9 Ekim 2020 Cuma

Satantango

Satantango yani şeytanın tangosu, bir başlangıçtan ve hiç bitmeyen bir sondan ibaret gözümde. Bela Tarr, dünya sinemasının en büyük hazinelerinden gözümde. Çocuktan yetişkine, doğadan varlığa, olmaktan yokluğa kadar betimleyemediğimiz, anlam veremediğimiz ne varsa Satantango'da bulmak mümkün. Aforizmalar çıkarmayacağım ya da buna benzer yorumlarda bulunmayacağım. Lakin başlı başına, bir hissin, bir çok hissin kesiştiği bir an sunuyor bu film. Hiç bitmeyen, insanı olduğu gibi anlatan, zaafları, umutları ve beklentileri birleştirirken; insanın hem acziyetini hem de nasıl da fütursuzca var olabildiğini sergiliyor kanımca. Çelişkili duyguları severim, bir yere varmaktan çok daha iyi ve doğru gelirler bana. Satantango ise çelişkilerle dolu, üstelik bir dengenin üzerinde.

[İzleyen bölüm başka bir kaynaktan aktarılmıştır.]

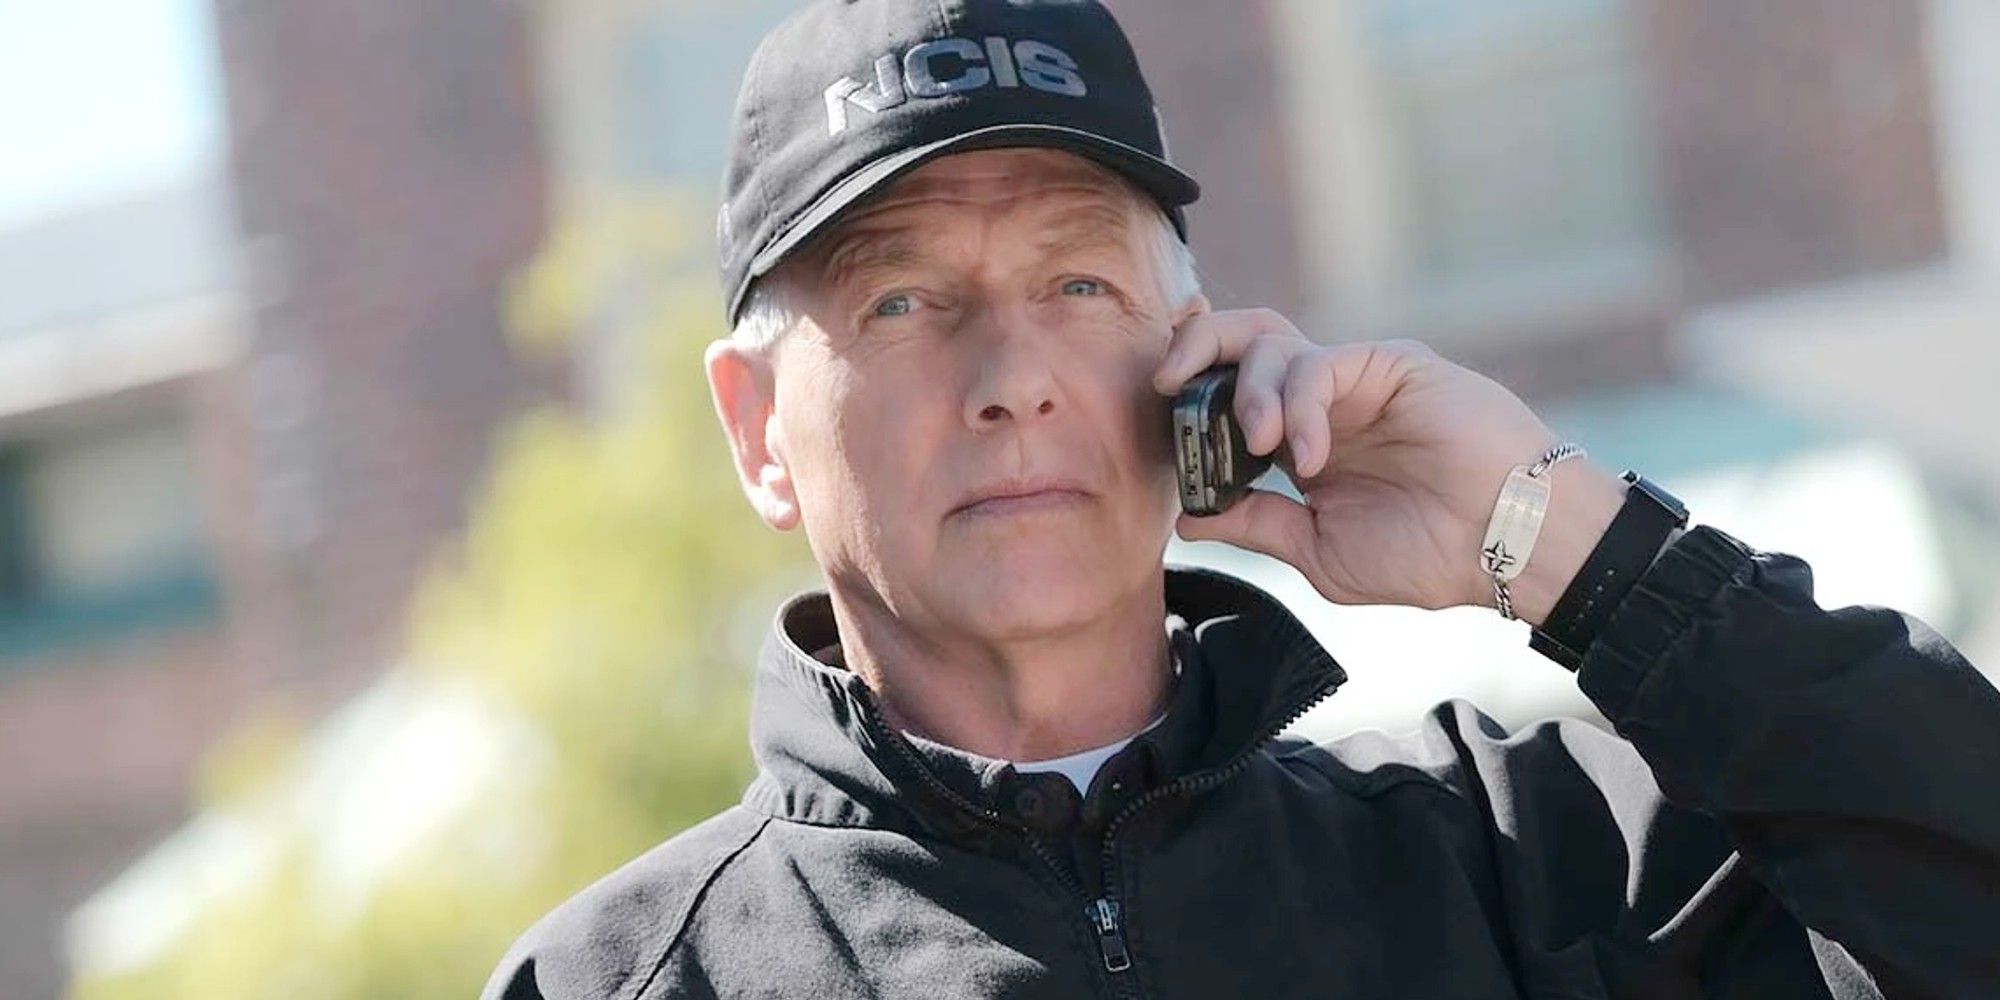 NCIS Mark Harmon as Leroy Jethro Gibbs talking to someone on his phone

İrimias ve Petrina, gelmelerini beklediğimiz mucizeleri temsil ediyorlar bana göre. Mucize geliyor gelmesine ya, hiçbir mucize beklendiği gibi olmuyor hayatta. Mucizeye inanmak ve gerçeği var kılmak arasındaki amansız uçurum, insanı oracıkta olduğu gibi bırakıyor. Mucize arıyorlar, zenginlik arıyorlar, yollara düşüyorlar, birleşseler mi yoksa ayrılsalar mı bilemiyorlar, ihanet etmek istiyorlar, akıllarından türlü türlü fenalıklar geçiyor, sonunda tüm ikiyüzlülükleri ile bir araya geliyorlar, insan ortak olmayı hiç başaramıyor, yalnızca hayal ediyor, o da sanırım sırf kendi rahatı için. 

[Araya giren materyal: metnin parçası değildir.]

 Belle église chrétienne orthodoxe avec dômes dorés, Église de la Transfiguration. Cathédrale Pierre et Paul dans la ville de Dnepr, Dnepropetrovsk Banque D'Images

Bir kurtarıcı düşlüyorlar, çünkü özgürlük istemiyorlar, özgürlükten korkuyorlar, onun yerine biraz parayı, biraz da karınlarını doyuracak ekmeği tercih ediyorlar. Pencere kenarlarında, tarlalarda, yol kenarlarında, fırtınanın içinde, yağmura bulanmış, elleri cebinde, biraz para biriktireceğim diye, biraz daha fazlası olacak diye, para ağacına inanan, içinde her koşulda bir inanç taşıyan, inanç devşiren, olduğu gibi insanoğlu. Hep başlarında onları yöneten biri olsun istiyorlar, özgürlük demek dert demek.  

Satantango üzerine söylenecek çok söz var elbet, yedi küsür saatin sonunda insan uzunca bir süre düşünme ihtiyacı duyuyor. Sanırım bu film, hayatın kendisini anlatıyor. Olduğu gibi, hükümsüz ve bir başına.